### [Dataset excerpt]
=== Begin Enclosure ===

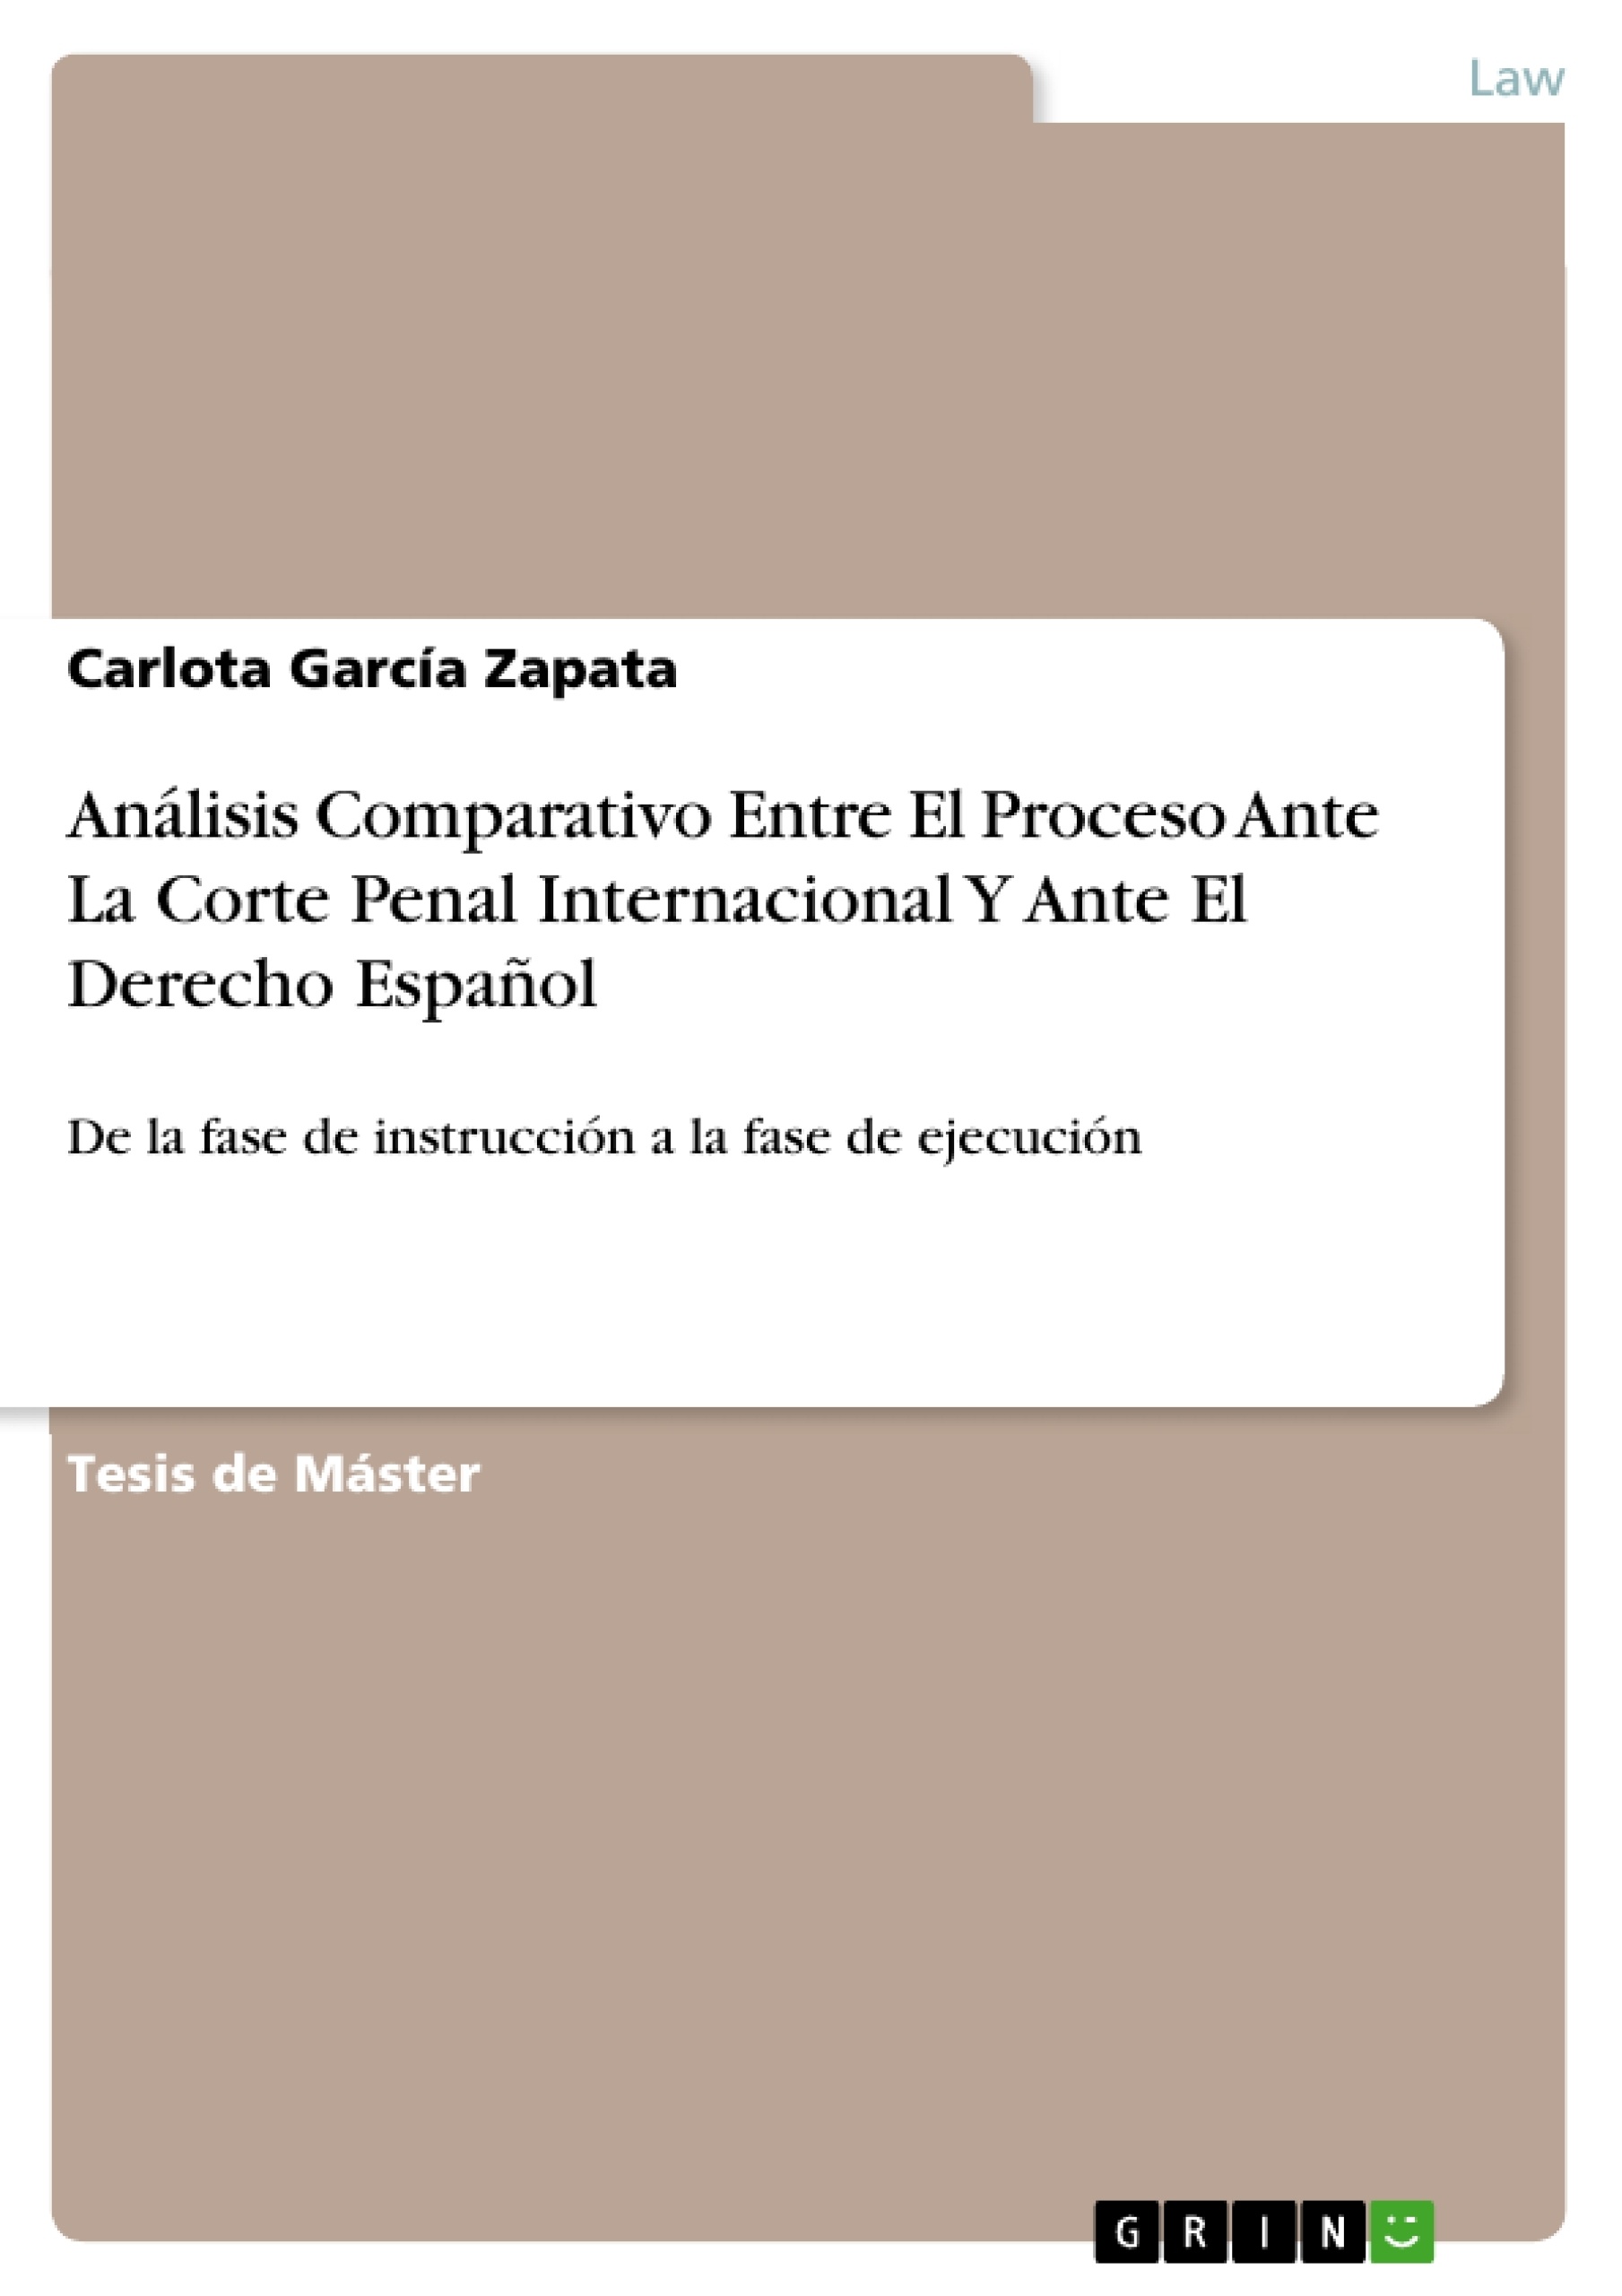 Titre: Análisis Comparativo Entre El Proceso Ante La Corte Penal Internacional Y Ante El Derecho Español
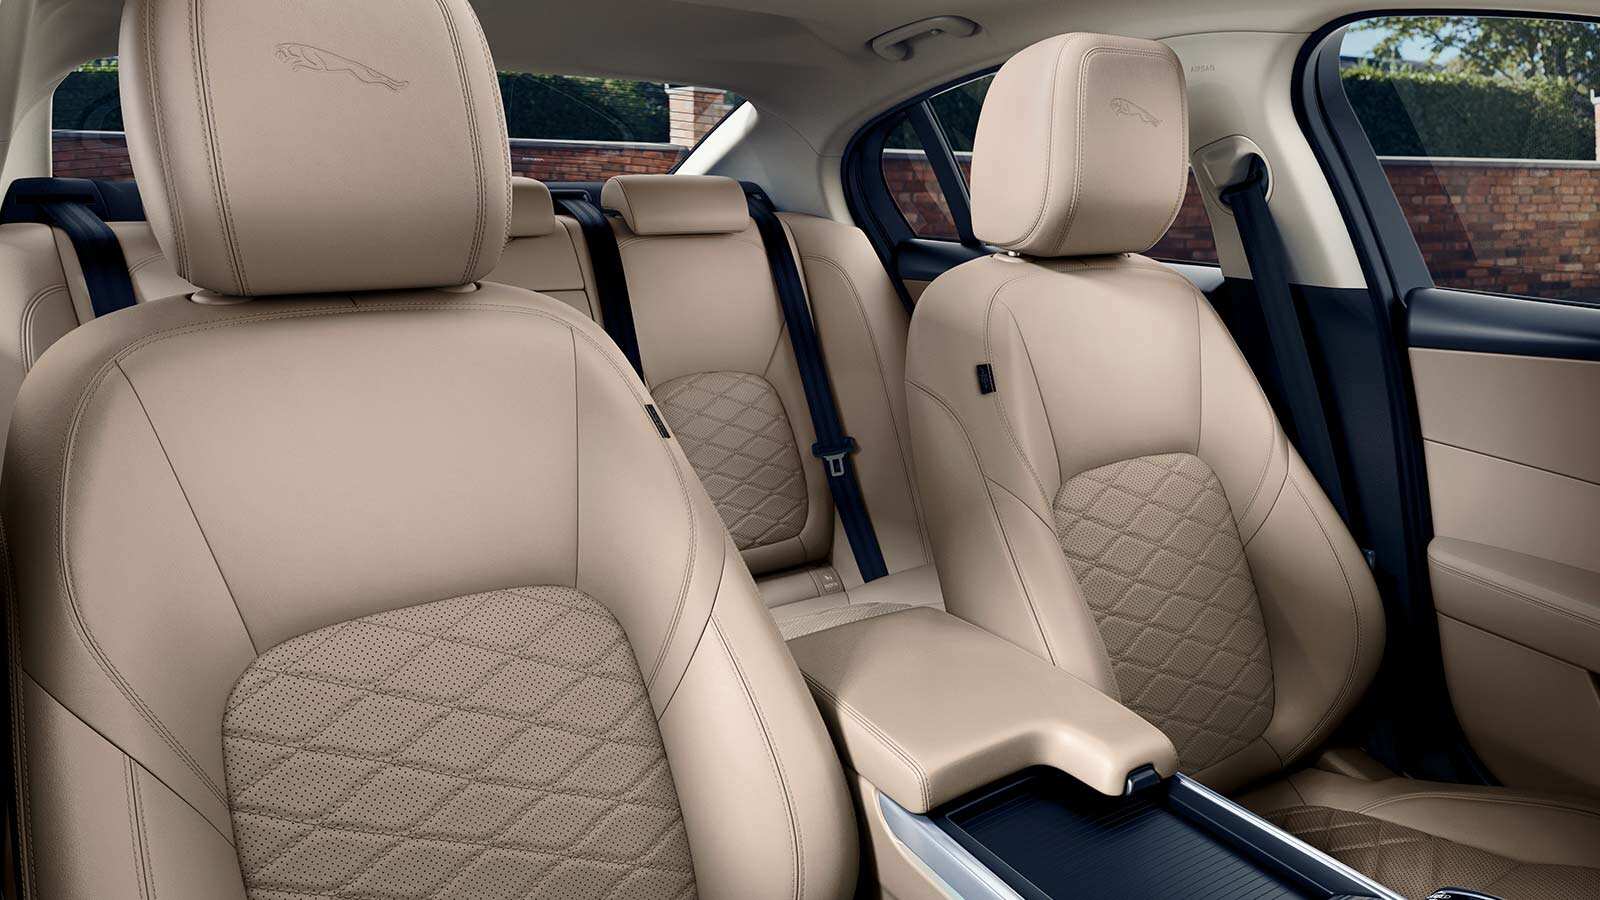 Interior de un Jaguar con los asientos tapizados.
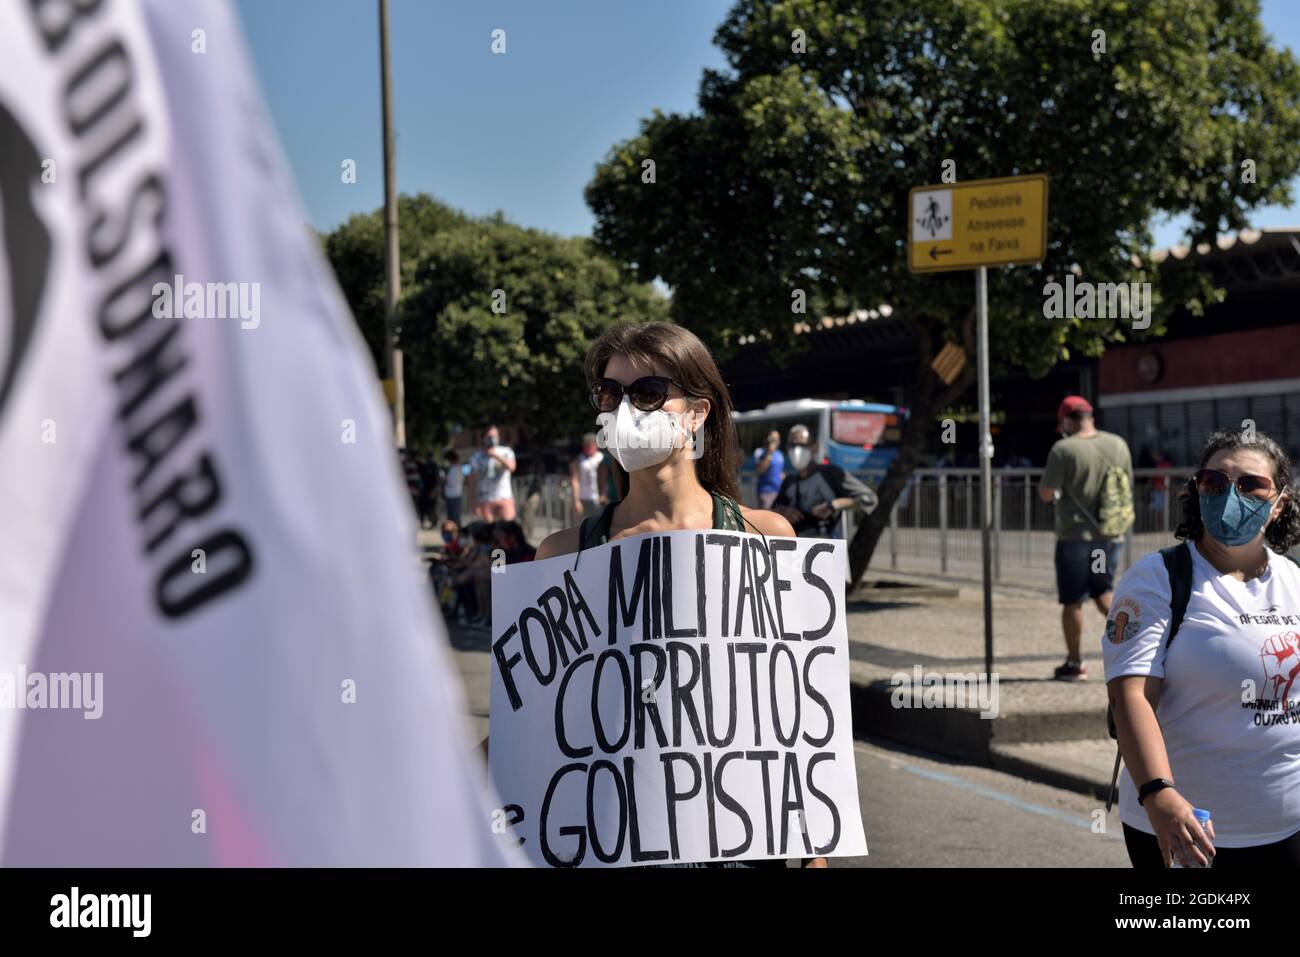 24 luglio 2021: Una donna che ha un cartello con la scritta “fuori militari, corrotti e coupists” partecipa alla protesta anti-Bolsonaro tenutasi a Rio de Janeiro. Foto Stock
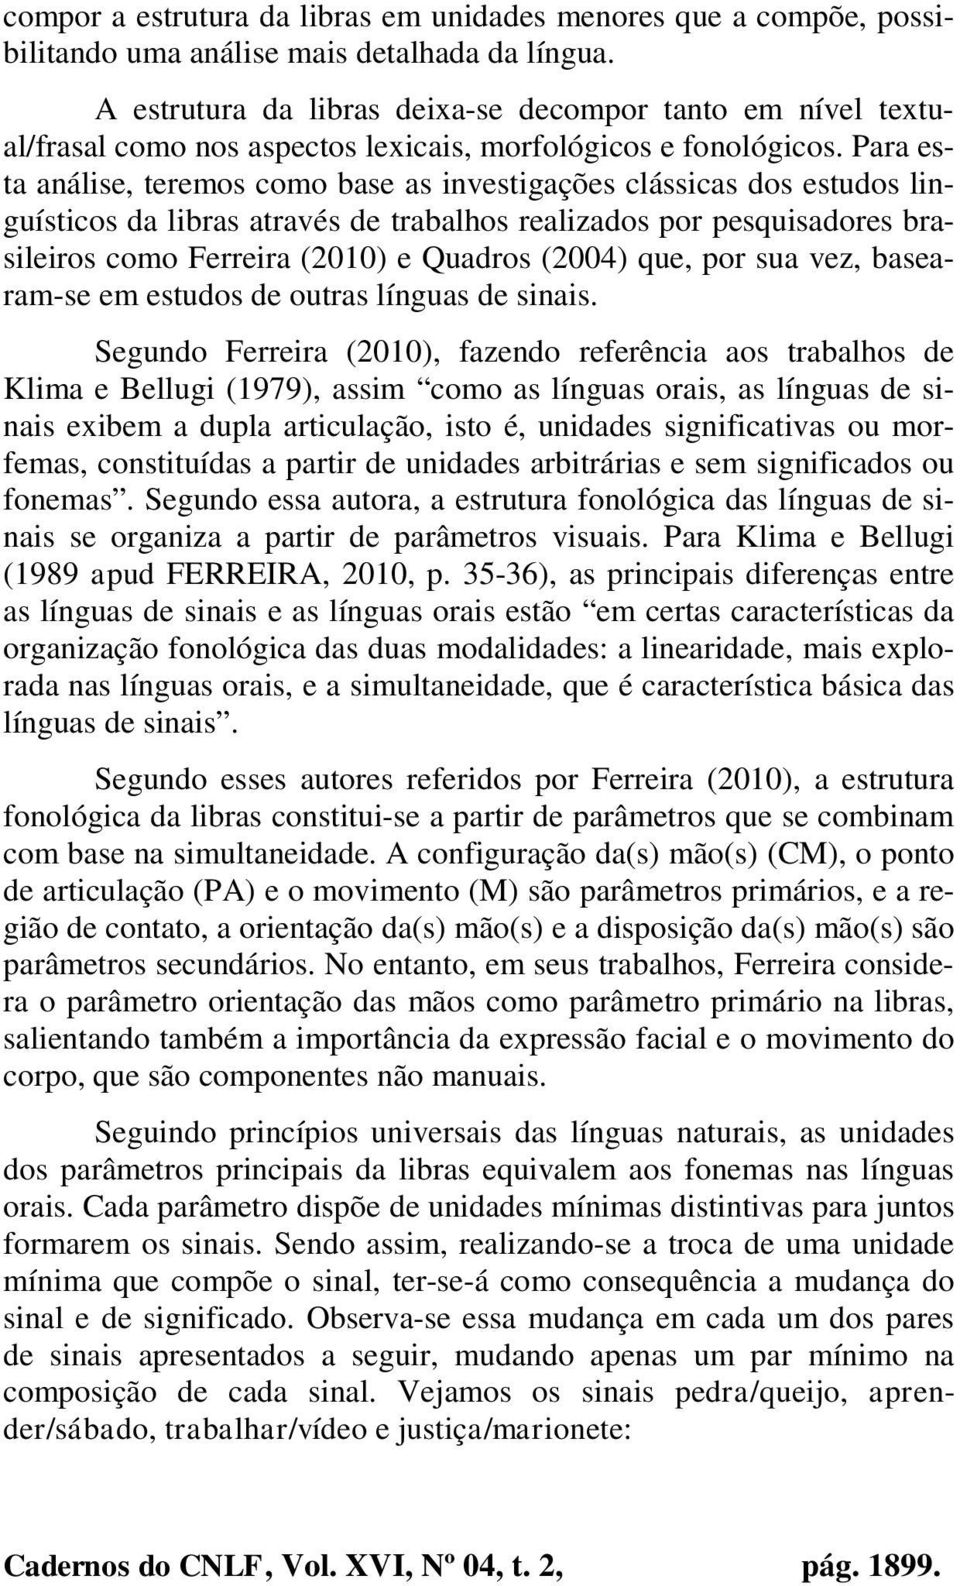 Para esta análise, teremos como base as investigações clássicas dos estudos linguísticos da libras através de trabalhos realizados por pesquisadores brasileiros como Ferreira (2010) e Quadros (2004)

=== End Enclosure ===

When you repeat the material above, keep every word exact and leave out the pictures.

### [Task output]
 Titre: Análisis Comparativo Entre El Proceso Ante La Corte Penal Internacional Y Ante El Derecho Español
 Interior de un Jaguar con los asientos tapizados.
 24 luglio 2021: Una donna che ha un cartello con la scritta “fuori militari, corrotti e coupists” partecipa alla protesta anti-Bolsonaro tenutasi a Rio de Janeiro. Foto Stock
 Para esta análise, teremos como base as investigações clássicas dos estudos linguísticos da libras através de trabalhos realizados por pesquisadores brasileiros como Ferreira (2010) e Quadros (2004)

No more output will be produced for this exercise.